Would you please return the lines of the entries below starting at the line that has "<b>ELVEFISKE: </b>Bjørn har" and ending at the line that has "Fikkerts gardener's gift set", both included, exactly as they are?

Data section section start

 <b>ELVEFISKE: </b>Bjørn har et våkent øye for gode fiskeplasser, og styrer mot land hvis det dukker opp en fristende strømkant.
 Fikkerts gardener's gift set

Data section section end
Data section section start

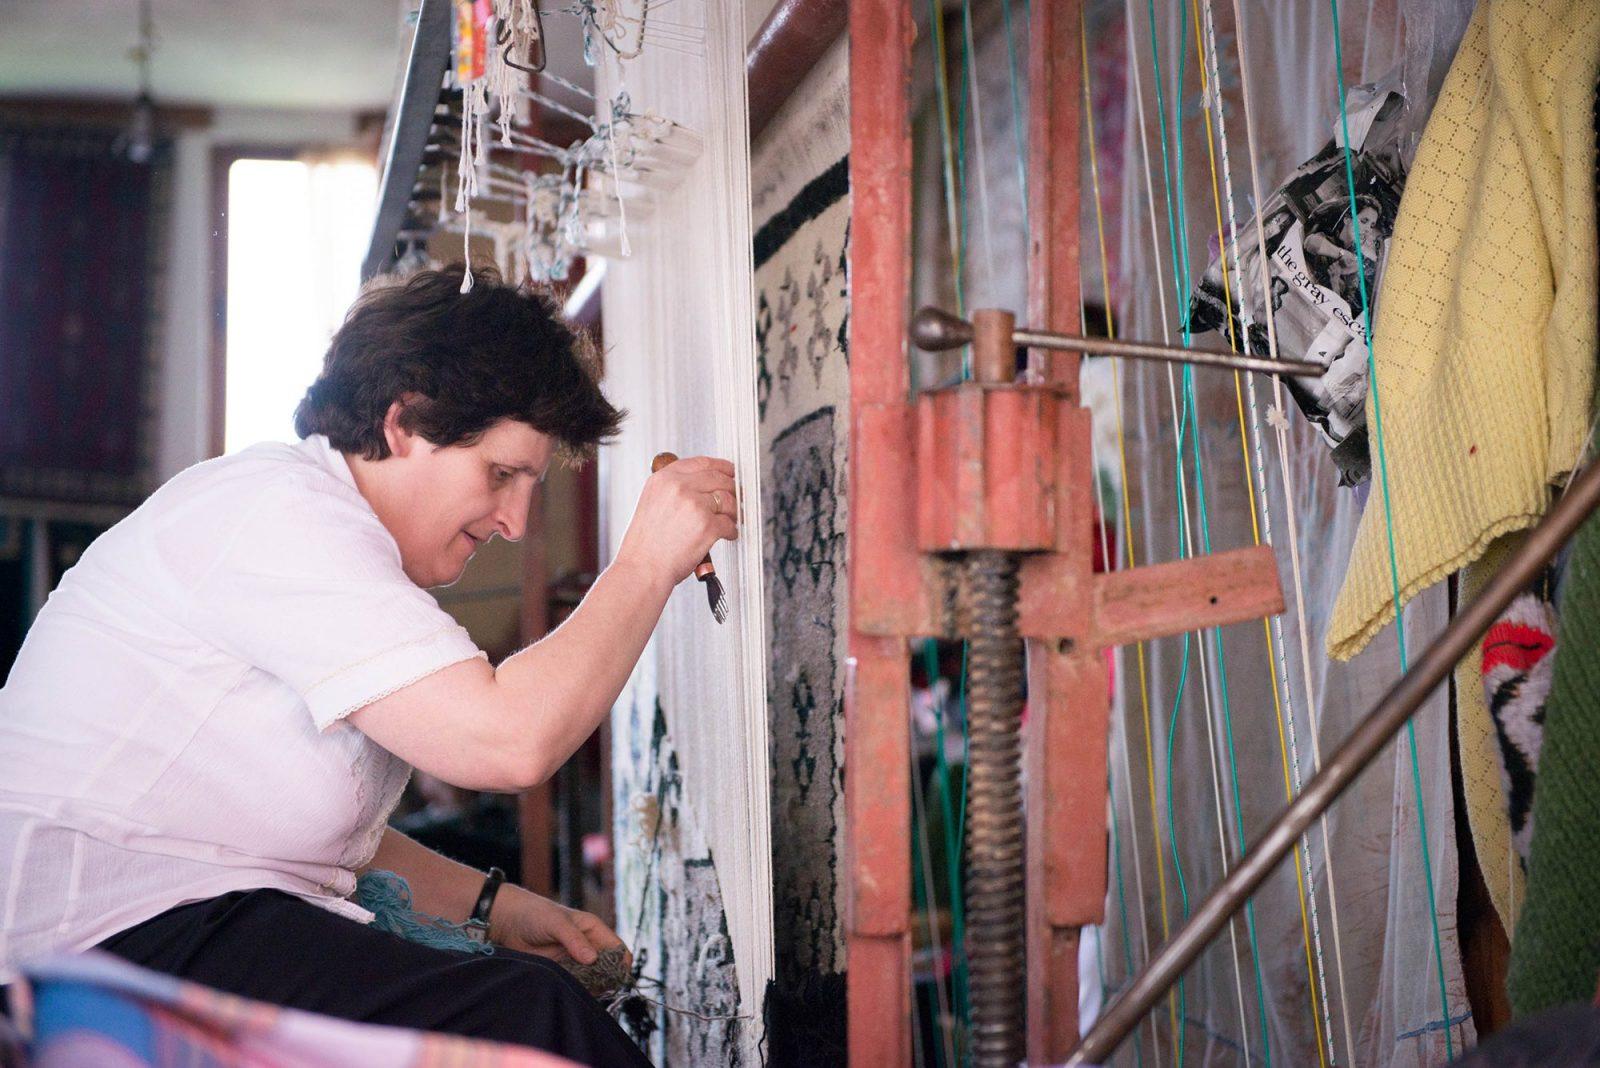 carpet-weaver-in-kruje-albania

Data section section end

▶ [Output for this exercise]:
 <b>ELVEFISKE: </b>Bjørn har et våkent øye for gode fiskeplasser, og styrer mot land hvis det dukker opp en fristende strømkant.
 Fikkerts gardener's gift set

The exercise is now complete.